Give every line of the material back exactly, images removed.
[[ SOURCE MATERIAL, beginning ]]
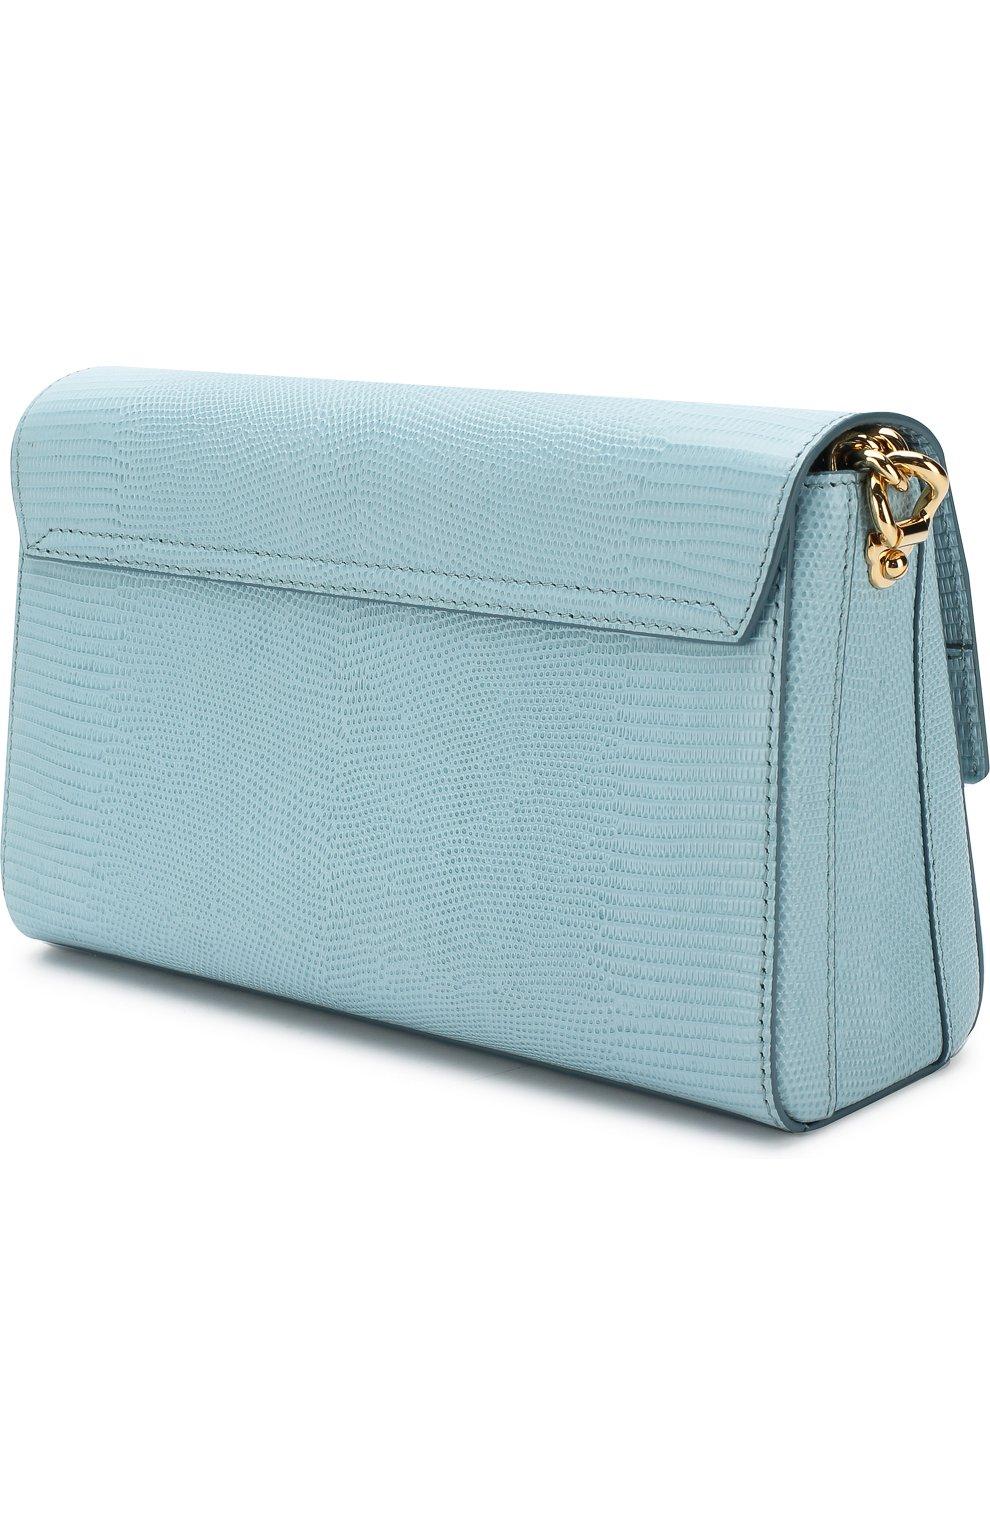 Сумка DG Millennials Dolce & Gabbana голубая цвета   Фото №3
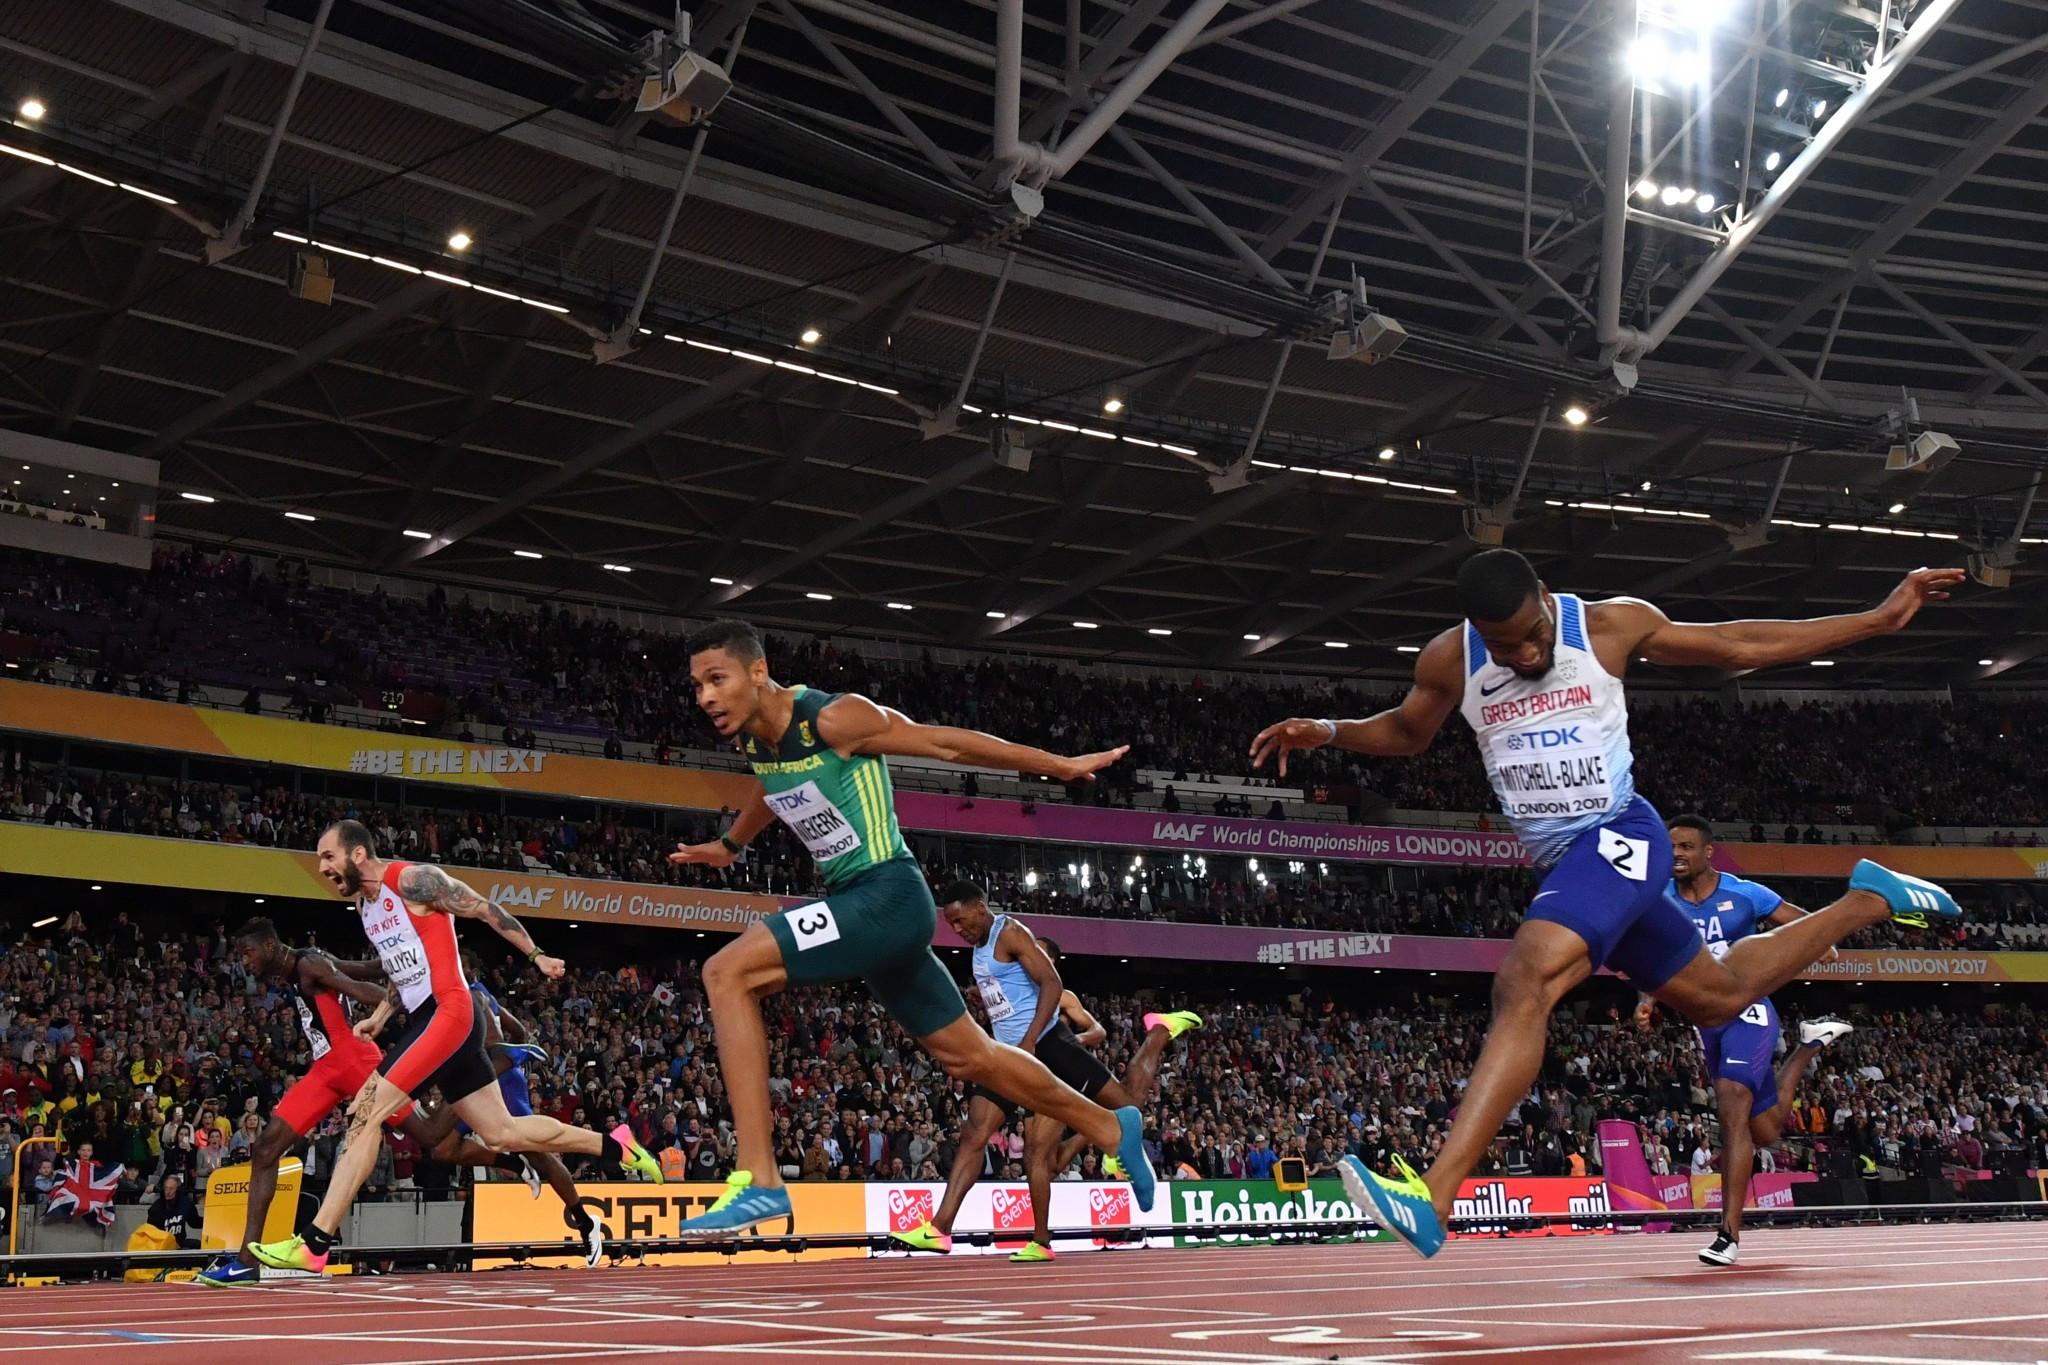 Wayde van Niekerk has been tasked with following in the footsteps of Usain Bolt ©Getty Images
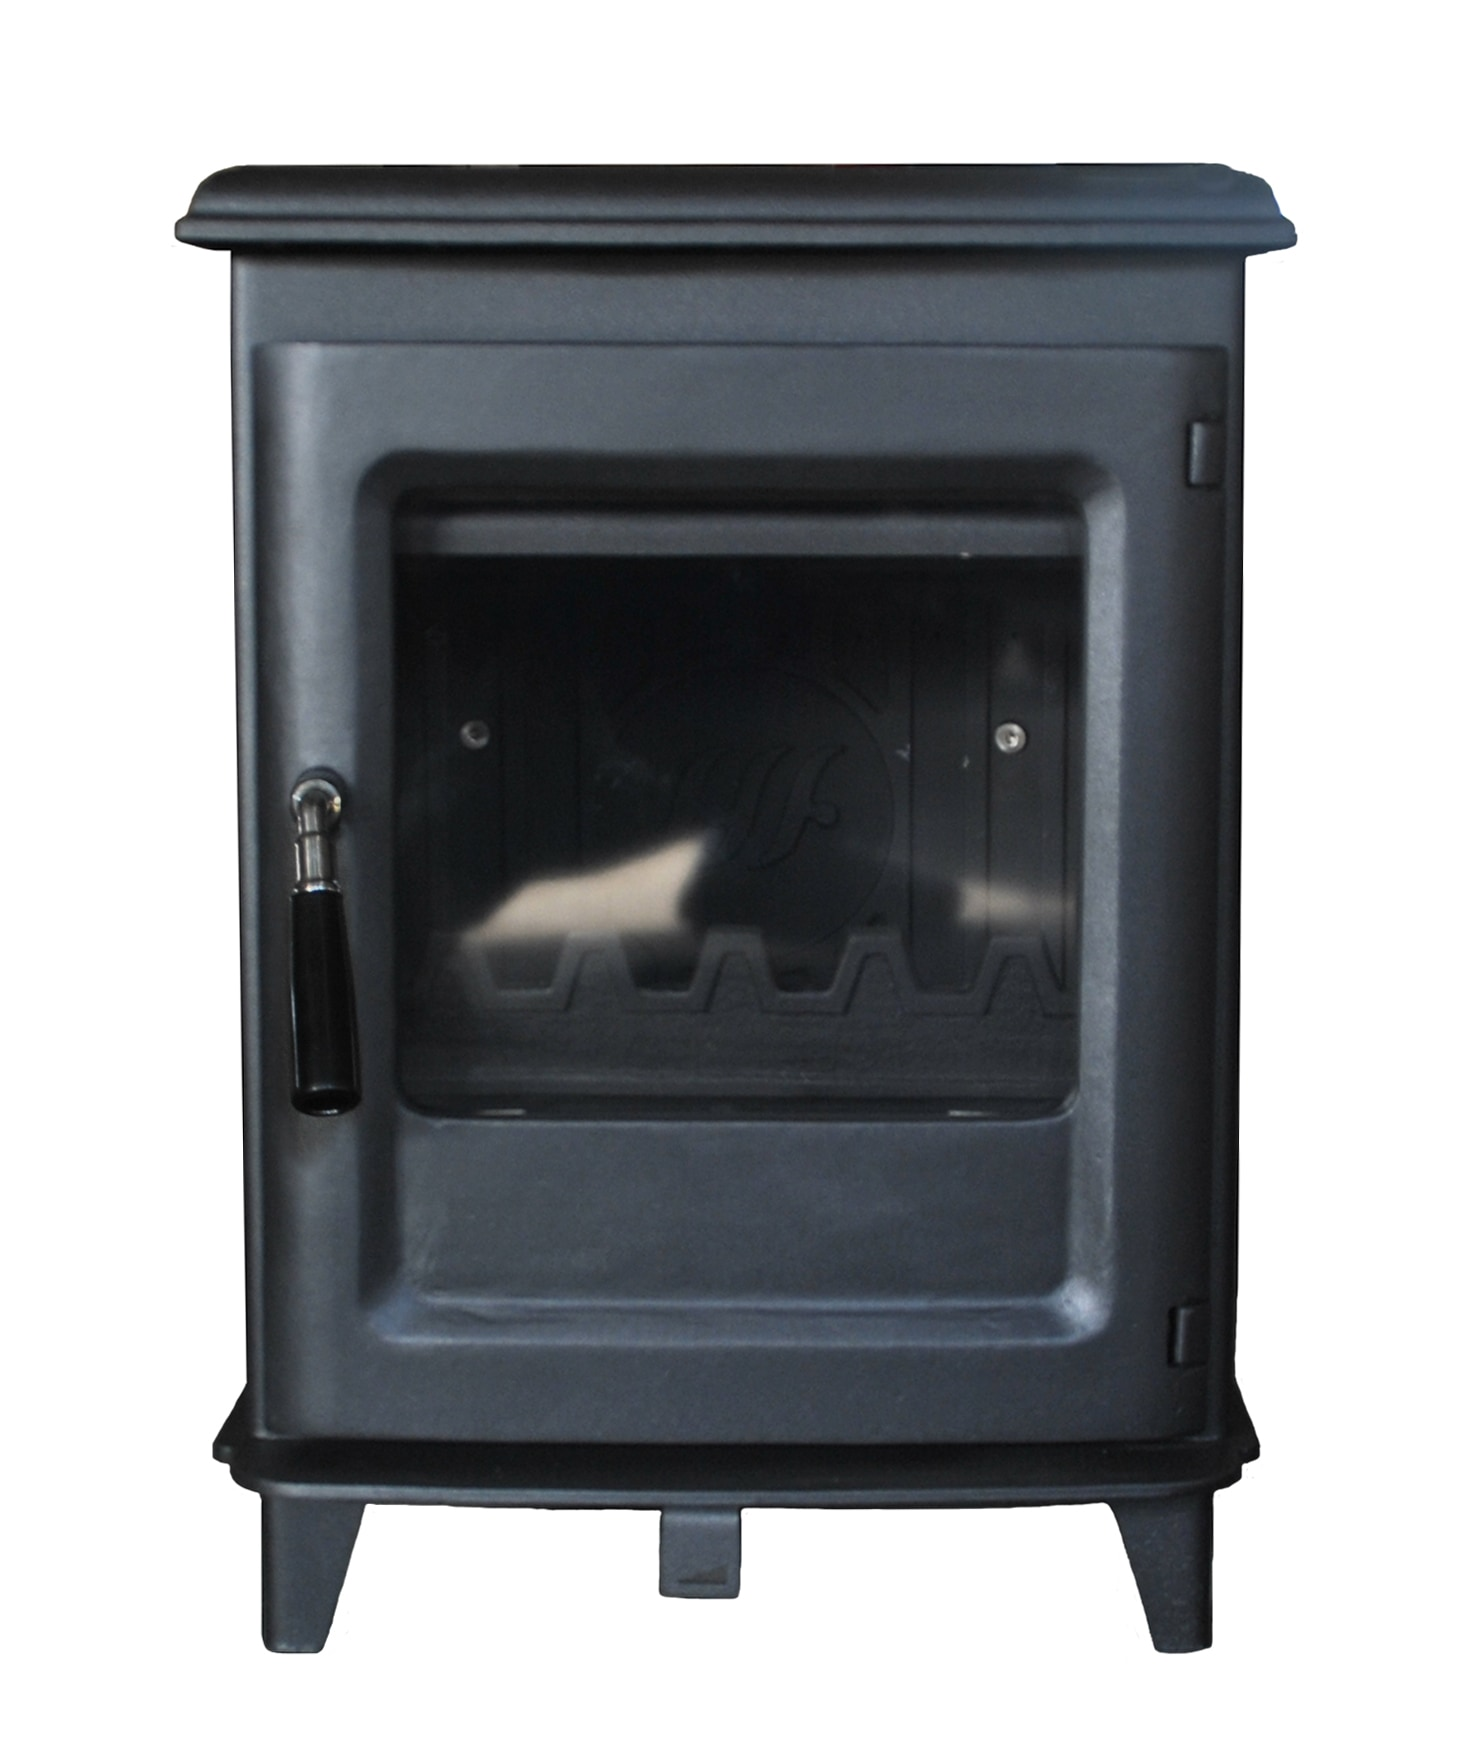 hi flame hiflame olymberyl hf905ub small 800 sq feet wood burning
[[ SOURCE MATERIAL, end ]]
* [WRITTEN RESPONSE]:
 Сумка DG Millennials Dolce & Gabbana голубая цвета   Фото №3
 Wayde van Niekerk has been tasked with following in the footsteps of Usain Bolt ©Getty Images
 hi flame hiflame olymberyl hf905ub small 800 sq feet wood burning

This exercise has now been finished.